Umstrittenes Urteil

Der Fall Sigi Maurer, oder: Was von #metoo blieb

Österreich
10.10.2018 11:55

Mit einem Schuldspruch hat nach nur zwei Prozesstagen das Gerichtsverfahren zwischen einem Bierlokal-Betreiber und der ehemaligen grünen Abgeordneten Sigrid Maurer geendet. Das in der ersten Instanz gefällte Urteil der üblen Nachrede bescherte der Angeklagten Kosten von mehr als 7000 Euro. „Ich bin erschüttert über dieses Urteil“, sagte sie nach Prozessausgang.

Was war passiert? Vom privaten Facebook-Account eines Bierlokal-Betreibers wurden offenbar auf wundersame Weise Nachrichten an die Ex-Grüne verschickt. In diesen Nachrichten - Achtung: auf leeren Magen wenig verdaulich - ist die Rede von gewünschten Sexualpraktiken („… in deinen Mund nehmen und ihn bis zum letzten Tropfen aussaugen“) und auch von schamlosen, mehr als untergriffigen Beleidigungen („… ich Dich gerne in deinen fetten Arsch, damit dir einer abgeht du kleine dreckige …“).

Maurer veröffentlichte die Nachrichten. Der Lokalbetreiber klagte. Und der Richter entschied zugunsten des Klägers, der bestritt, die Nachrichten selbst verfasst zu haben. „Ich bin überzeugt, dass der Kläger lügt“, sagte der Richter nach dem ersten Prozesstag. Obwohl das Gericht dem Lokalbetreiber keinen Glauben schenkte, wurde Sigrid Maurer aufgrund der Veröffentlichung der üblen Nachrede schuldig gesprochen.

Ein Justizskandal?
Die Entscheidung ist heftig umstritten. Die einen fühlen sich darin bestätigt, dass es nicht angehe, private Inhalte - ob nun widerwärtig oder nicht - publik zu machen, um deren Autor öffentlich bloßzustellen.

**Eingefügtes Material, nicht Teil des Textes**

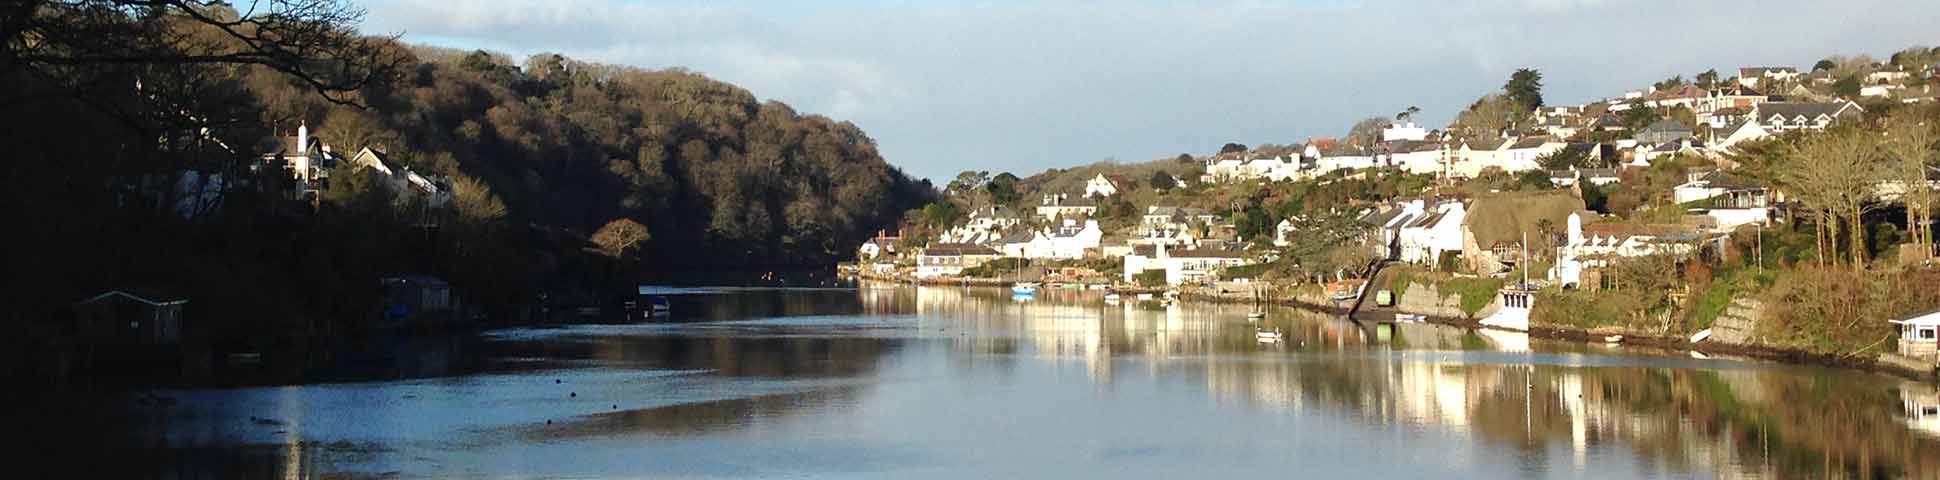 Undiscovered Places to Stay in the UK for 2021: Noss Mayo

Die anderen sehen eine Täter-Opfer-Umkehr, weil jemand, der durch obszön-abwertende Nachrichten belästigt worden ist, nun selbst zum Täter gemacht wird, bloß, weil er sich öffentlich zur Wehr setzte.

Unabhängig davon, wie man zur politischen Arbeit der Ex-Grünen Maurer denn auch stehen mag: Was die Entscheidung in jedem Fall deutlich macht, ist, dass es in Wahrheit keinen effizienten Schutz gegen Hass im Netz gibt. Man muss sich in letzter Konsequenz mangels gesetzlicher Möglichkeiten also Untergriffigkeiten im Internet gefallen lassen, auch ein selbstständiges Vor-den-Vorhang-Holen von halbstarken Nachtschattengewächsen, die in der scheinbaren Anonymität des Internets dann plötzlich mutig sind, ist nicht erlaubt.

Nach dem Motto „Sagst du ja, bleibst du da - sagst du nein, gehst du heim“ suggeriert das Urteil, dass grausige Nachrichten vollkommen ohne Konsequenzen bleiben, man nicht einmal öffentliche Häme fürchten muss, solange man nachfolgend erklärt, jemand anderer hätte sie verfasst. Eine Bankrotterklärung, die zeigt, wie zahnlos der Kampf gegen Hass im Netz ist.

Was von #metoo geblieben ist
Fast genau ein Jahr nach der #metoo-Debatte, die sexuelle Belästigung und Übergriffe sowie Machtmissbrauch thematisierte und Frauen auf der ganzen Welt couragierte, über ihre Erlebnisse öffentlich zu sprechen, zerschellt der vielumjubelte Hashtag hierzulande an juristisch-formalen Hürden und an veralteten Gesetzen, die für das Phänomen Social Media nicht gewappnet sind. Was nützt es, die Gesellschaft auf Übergriffe gegen Frauen zu sensibilisieren, wenn man in letzter Konsequenz dann doch den Mund halten muss? Es ist nichts geblieben.